Именно здесь, в мучительной жажде самопревосхождения, и способности к такому самопревосхождению, присущей нашему уму, и содержится секрет формирования суперструктур. Есть люди и группы людей, которые додумываются и договариваются до слишком сложных вещей и “всё усложняют”. А дальше, после возникновения суперструктуры, либо погружение в болото и смерть, либо усложнение окружающего их мира.

Итак, возможность возникновения суперструктур создается божественностью нашего ума. Причиной возникновения суперструктур является более или менее ясно сознаваемое противоречие между ощущением нами своего истинного бытия и убогими условиями данной нам действительности. Суперструктуры оказываются возможностью для нас стать больше себя.

Направление формирования этих суперструктур задают, ведущие человеческие стремления, можно сказать страсти. Кто-то стремится к постижению Бога, кто-то к власти, кто-то к богатству, кто-то хочет постичь истину, кто-то хочет добиться признания своей ценности другими, кто-то без ума от любви, кто-то стремится к комфорту (хотя любители комфорта как самоцели редко создают что-то ценное, обычно нужно нечто большее), кто-то превыше всего ставит свободу, кто-то хочет управлять миром при помощи демонов. Разумеется, в реальных суперструктурах эти мотивы-страсти перепутываются и сливаются в той или иной пропорции, хотя, как правило, один из мотивов является доминирующим и выступает как фактор ограничения других. Например, система, построенная на властолюбии всегда будет ограничивать корыстолюбие. А богопознания никто еще не пытался достичь через комфорт.

При генезисе суперструктур сперва следует умственный скачок, постижение или оформление новой идеи, концепции, программы, на худой конец – стратегемы. Поэтому Платон не случайно считал, что государством должны управлять философы, то есть те, кто видит идеи, и способен придумать суперструктуру. Затем, подчиняясь идее, суперструктура оформляется как нечто более сложное, чем её окружение. А затем уже она начинает с большим или меньшим успехом поднимать реальность до себя – при помощи проповеди, имперских завоеваний или захвата рынка, распространения идей или приобретения восхищения красотой, или как-нибудь еще.

Разумеется, далеко не каждой суперструктуре удается поднять свое окружение до себя.

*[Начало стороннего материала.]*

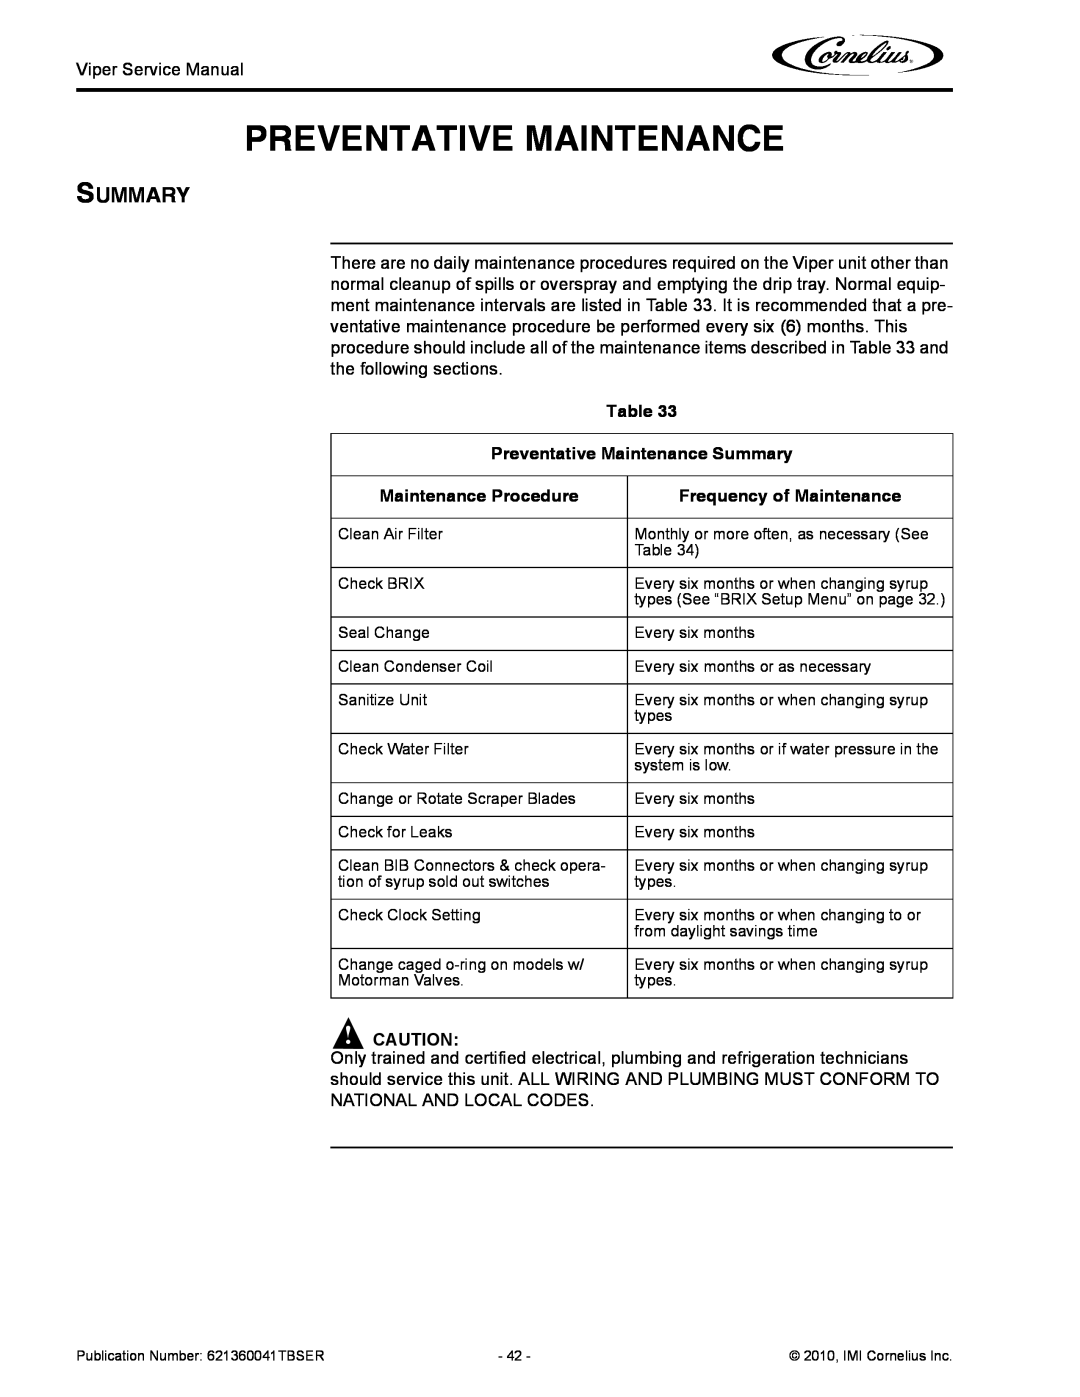 Cornelius 3 service manual Table Preventative Maintenance Summary, Maintenance Procedure, Frequency of Maintenance 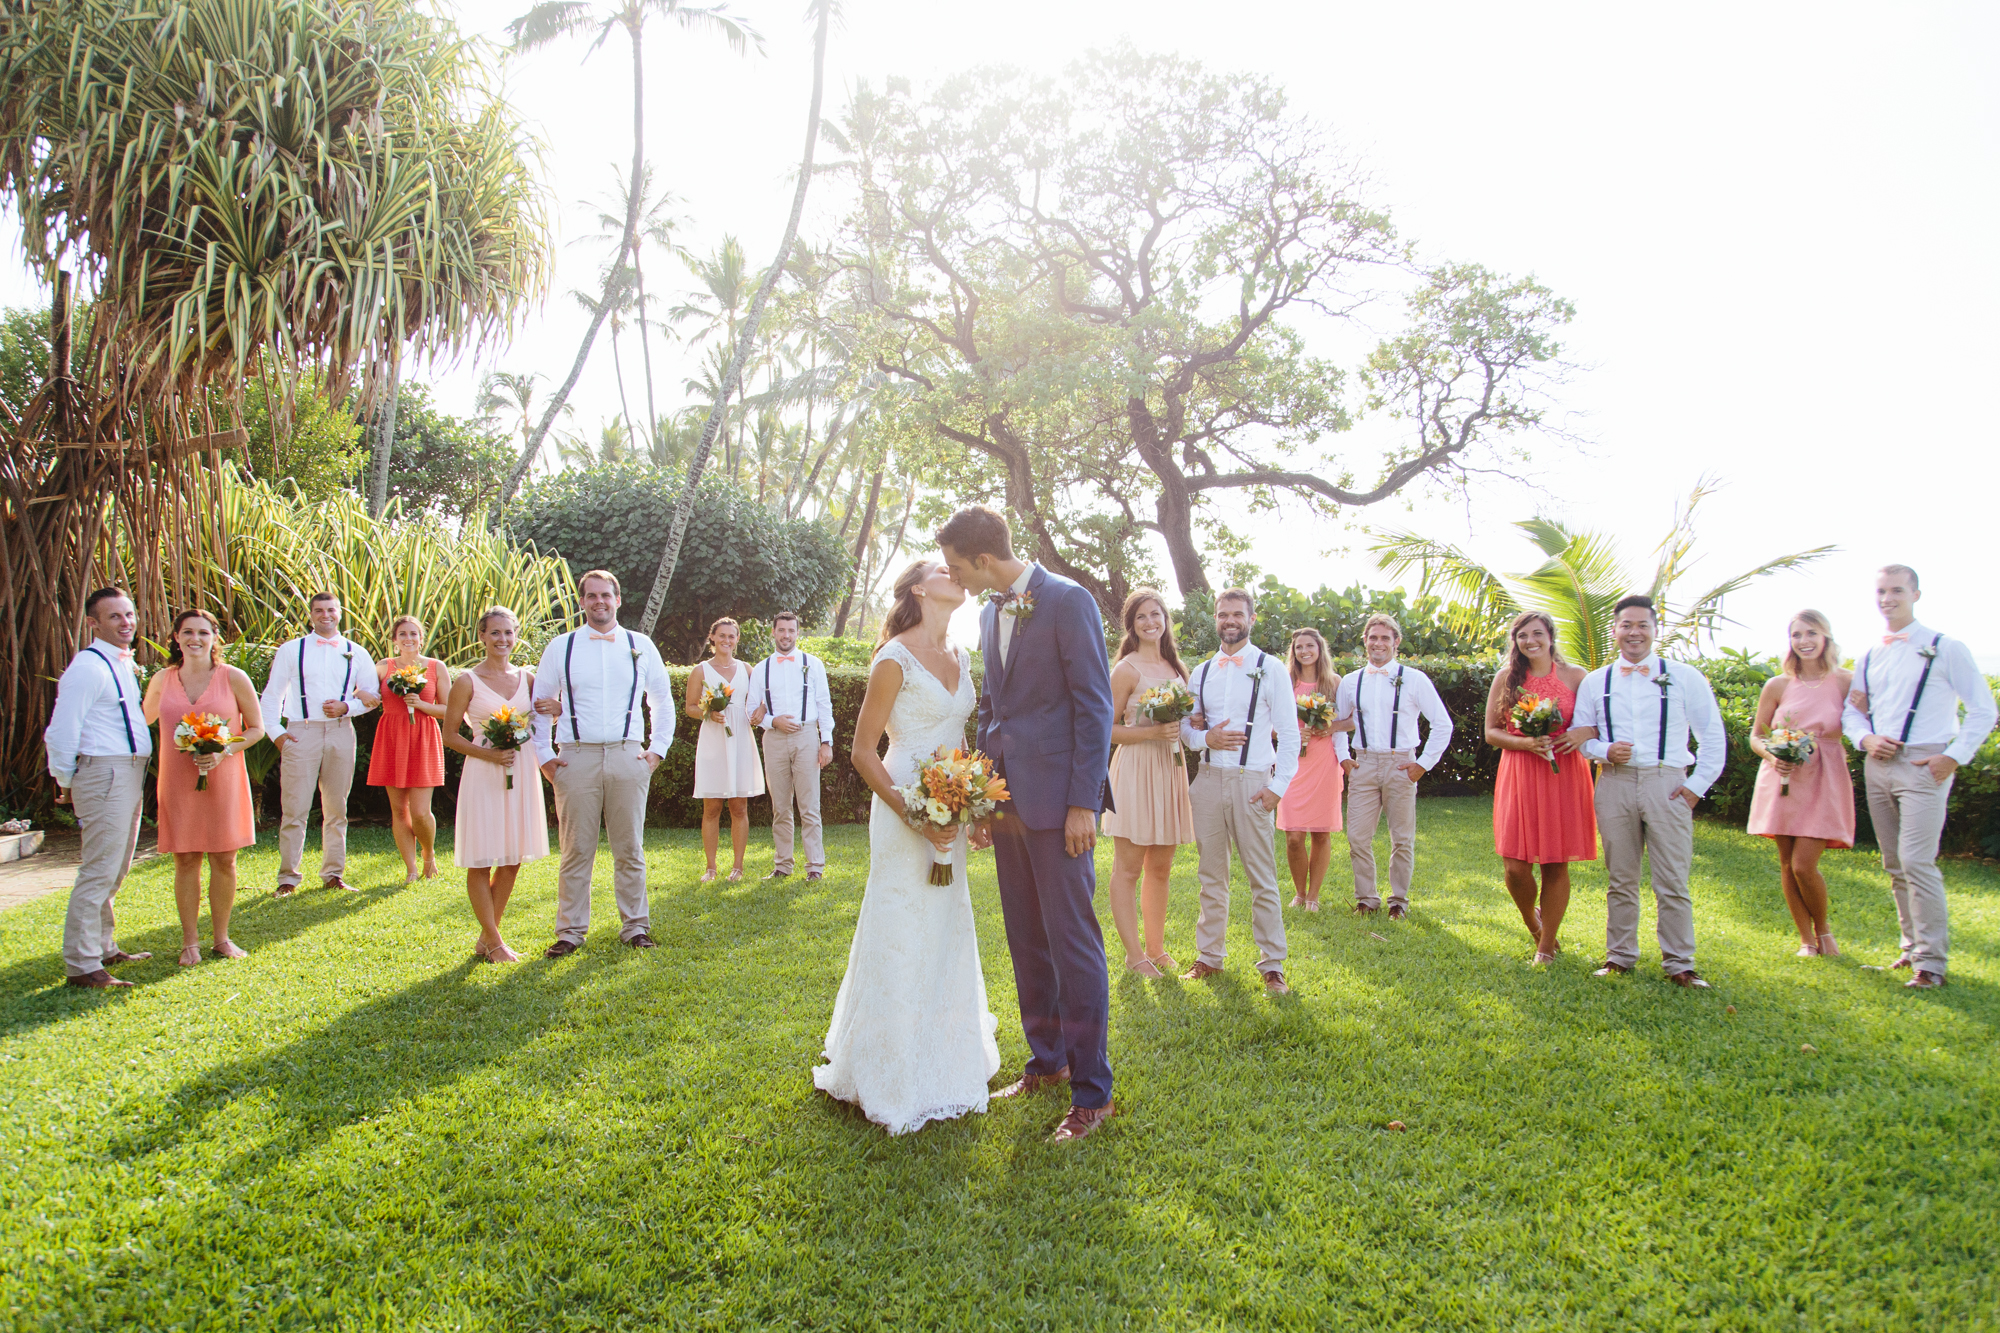 San Diego Wedding Photographer, San Diego Wedding photography, Hawaii Wedding Venue, oahu Wedding Venue, Hawaii Polo Club, Oahu Polo Club, Oahu Wedding, Hawaii Wedding, outdoor wedding, Beach wedding

Освещенная сторона мировой истории – это музей успешных суперструктур, но её теневая сторона – это свалка высохших гусениц, которые так и не стали бабочками. Однако успех суперструктуры – это шаг той или иной человеческой общности вперед.

За любым рывком прогресса в нашем мире – неважно экономическим, политическим, моральным, культурным, религиозным, стоит суперструктура, которая буквально тянет общество за волосы вверх, как барон на русской службе Мюнхгаузен тянул самого себя из болота.

Попытка привести в соответствие свою физическую природу своей идеальной духовной природе составляет суть и смысл человеческой деятельности в ходе истории. Эта деятельность развивается в трех планах.

Прежде всего, посредством религии, человек пытается восстановить свою связь с высшей реальностью и обрести свое место в духовном мире, в частности – стать достойным прямого Откровения Бога. Религию сопровождает как тень её темная соседка магия, – попытка овладеть тайными силами, которые позволят человеку обрести власть и контроль над миром без и помимо согласия с высшей реальностью.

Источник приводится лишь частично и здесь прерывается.